15. A knowledge graph-based intelligent risk detection device for bidding suppliers, characterized in that, include: The knowledge graph unit is used to construct a risk knowledge graph for bidding suppliers. The knowledge graph is constructed with graph entities as nodes and graph entity relationships as edges. Graph entities include: supplier entities, personnel entities, project entities, risk event entities, and document entities. For the graph entities of the knowledge graph, an embedding vector is generated for each graph entity using a graph entity embedding model based on graph attention network GAT. The query statement parsing unit is used to obtain the original query statement input by the user, obtain the query entity and query intent through semantic parsing of the original query statement, expand the query content according to the query intent, and convert it into a structured query. The structured query includes query entity information, expanded query association dimensions, constraints, and intent type. The subgraph acquisition unit is used to obtain the target subgraph that matches and is associated with the query statement in the knowledge graph based on the query intent, query entity and extended query association dimension in the structured query. The risk detection unit is used to detect risk paths in the target subgraph using a reinforcement learning algorithm through multi-hop risk propagation detection, analyze the risk level of the obtained risk paths, and obtain risk detection results for responding to user queries.
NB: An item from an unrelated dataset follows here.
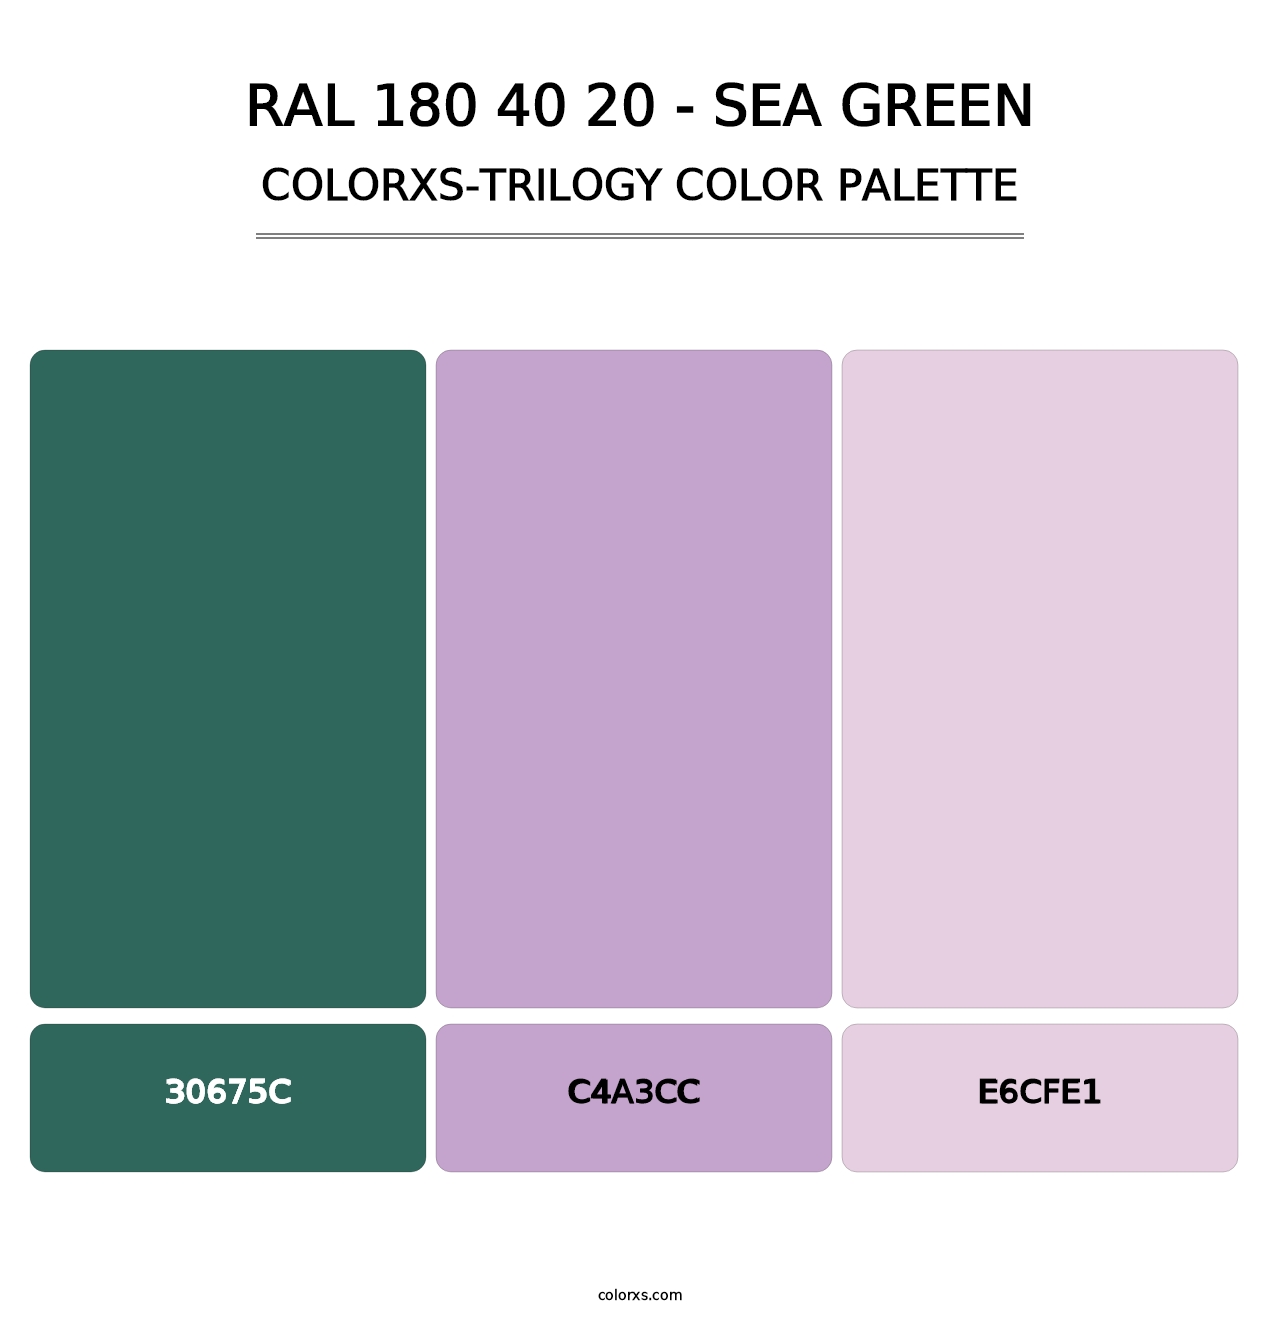 RAL 180 40 20 - Sea Green - Colorxs Trilogy Palette

Specifically, the risk level analysis of the obtained risk paths includes: obtaining scores for different risk indicators in the risk path, including relationship strength, historical risk, bidding anomaly, and evidence completeness. The relationship strength score is determined based on the entity relationship weights obtained during the generation of embedding vectors for each graph entity using the Graph Attention Network (GAT); the historical risk score is determined based on the historical violation records of entities in the path; the bidding anomaly score is determined based on anomalies in the supplier's current bidding data; and the evidence completeness score is determined based on the quantity and credibility of evidence supporting the risk path. The risk level analysis result of the risk path is determined by weighted summation of the scores and weights of different indicators.
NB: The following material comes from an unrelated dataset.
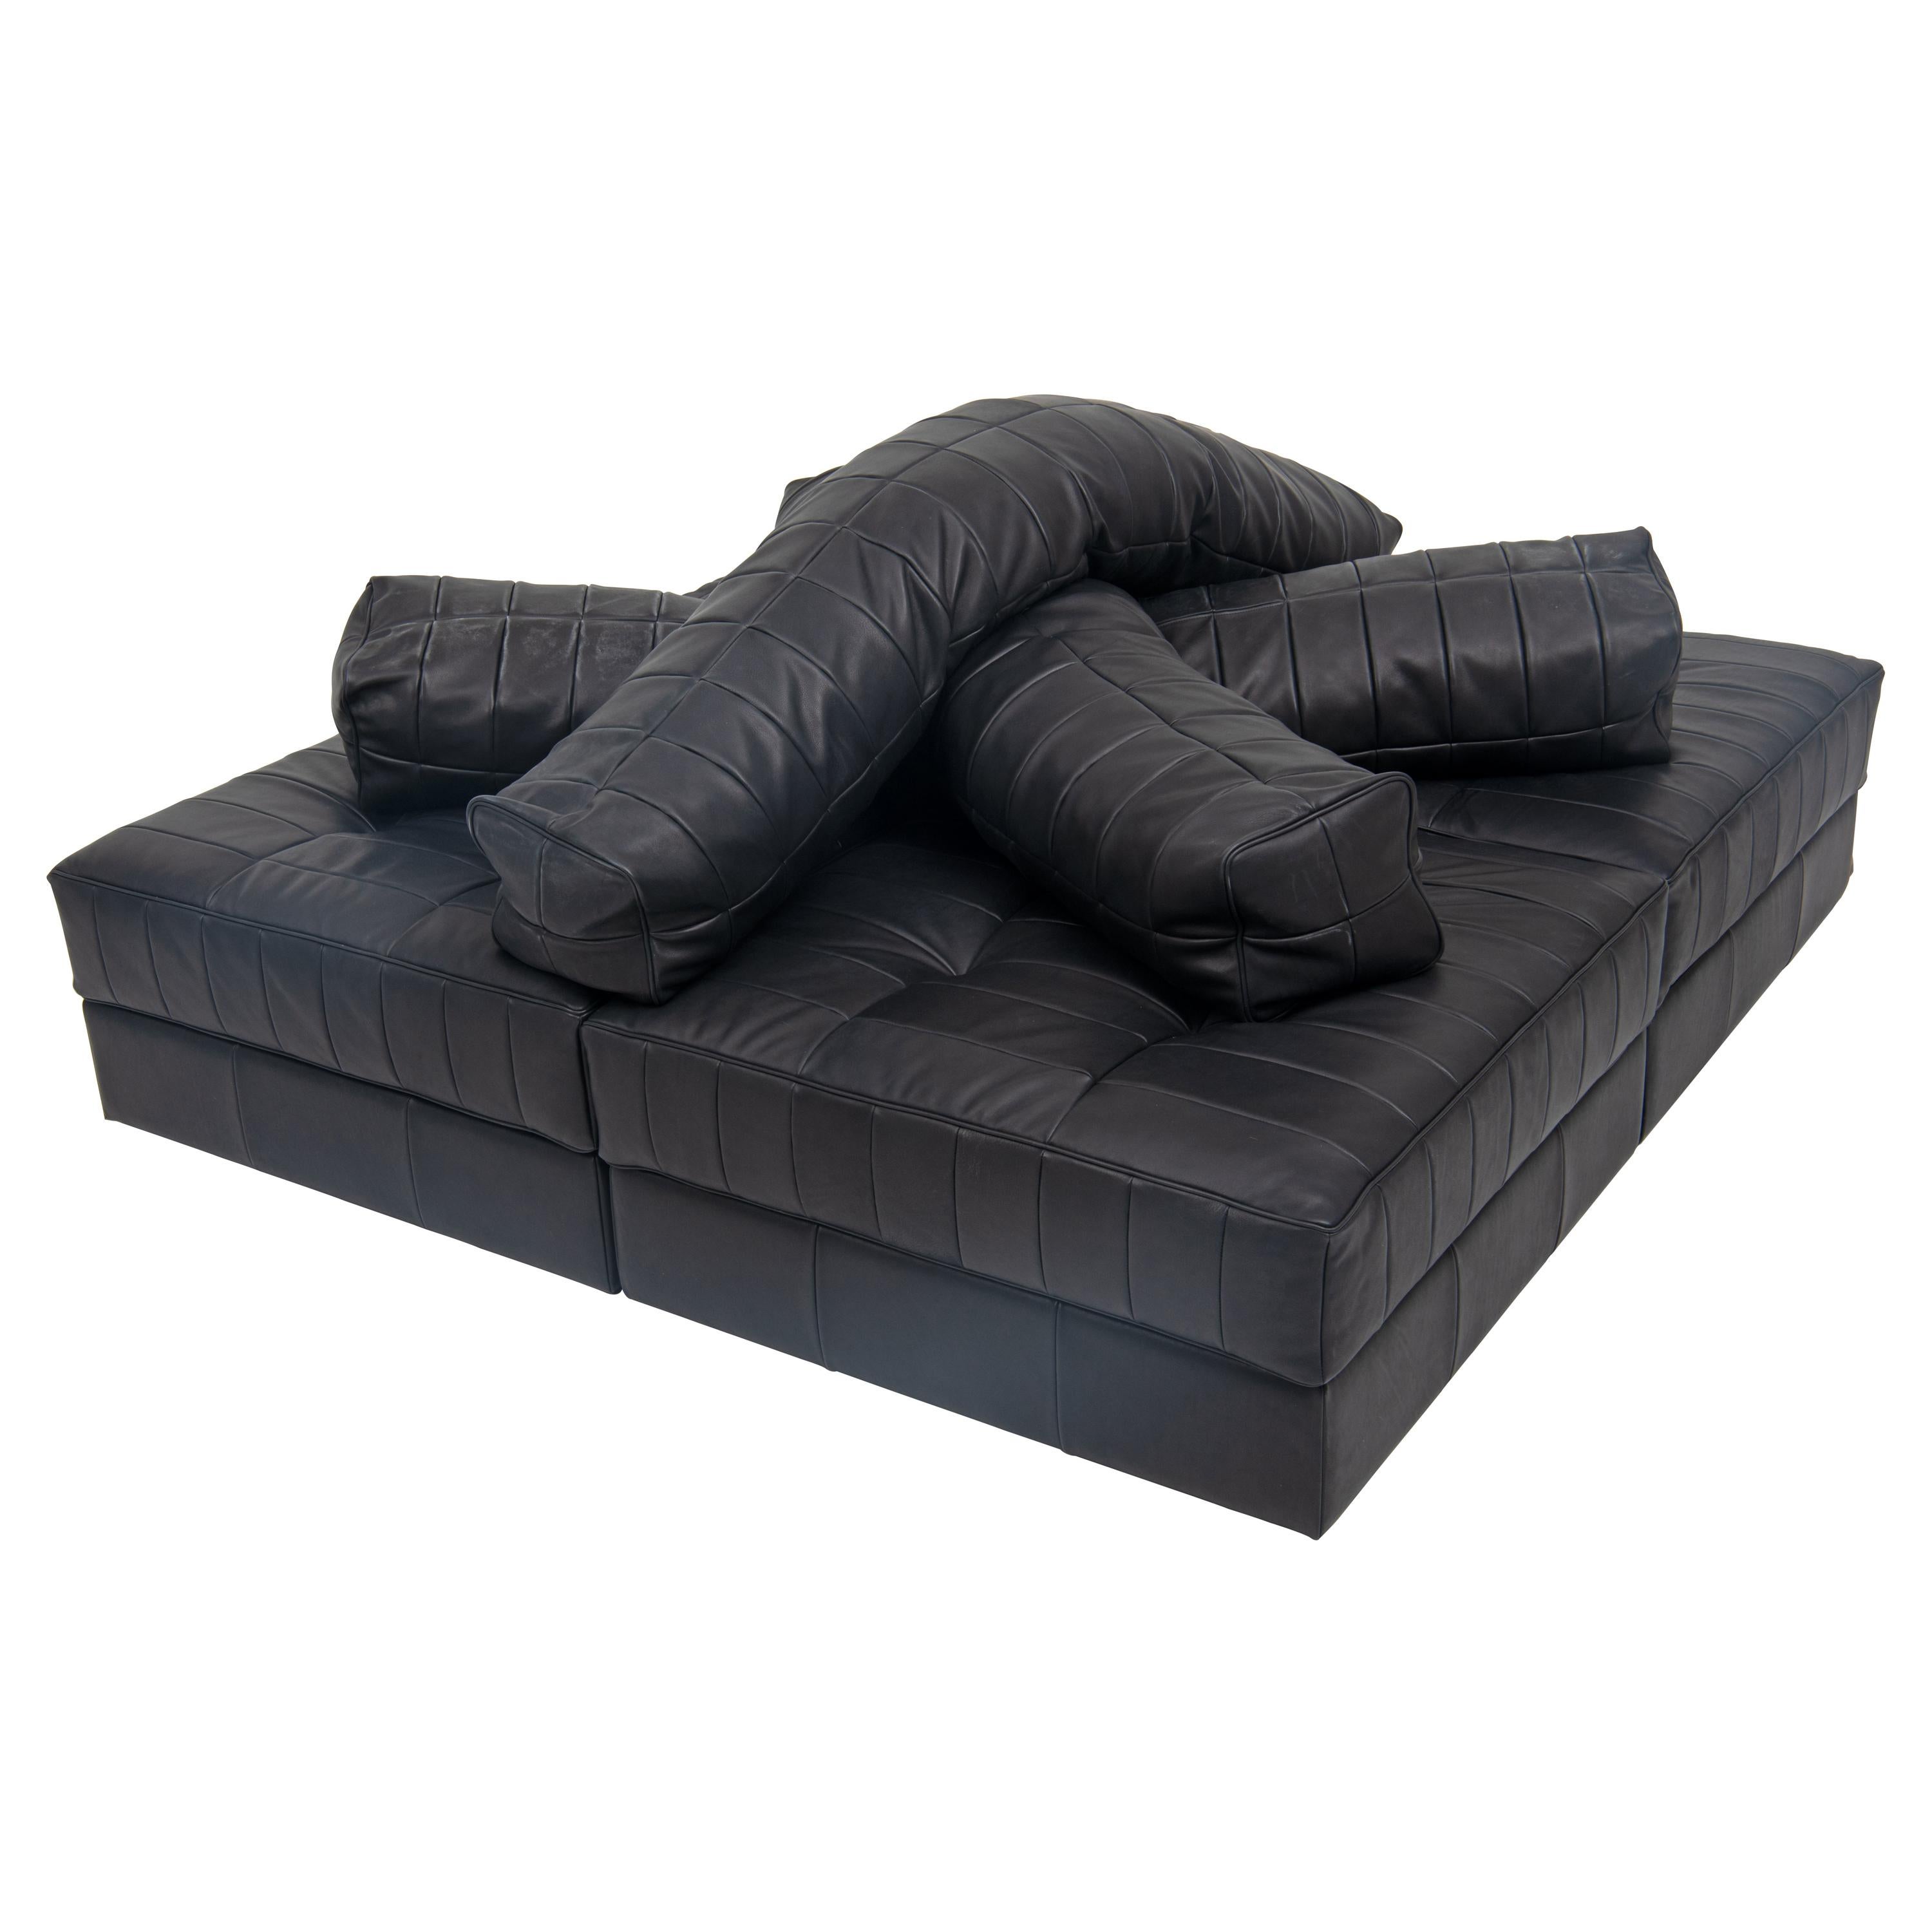 DS-1088 Sofa by De Sede For Sale

16. A computer device, characterized in that, The computer device includes: Memory, used to store executable instructions; When a processor is used to execute executable instructions stored in the memory, it implements the knowledge graph-based intelligent risk detection method for bidding suppliers as described in any one of claims 1 to 14.

17. A computer-readable storage medium storing executable instructions, characterized in that, When the executable instructions are executed by the processor, they implement the knowledge graph-based intelligent risk detection method for bidding suppliers as described in any one of claims 1 to 14.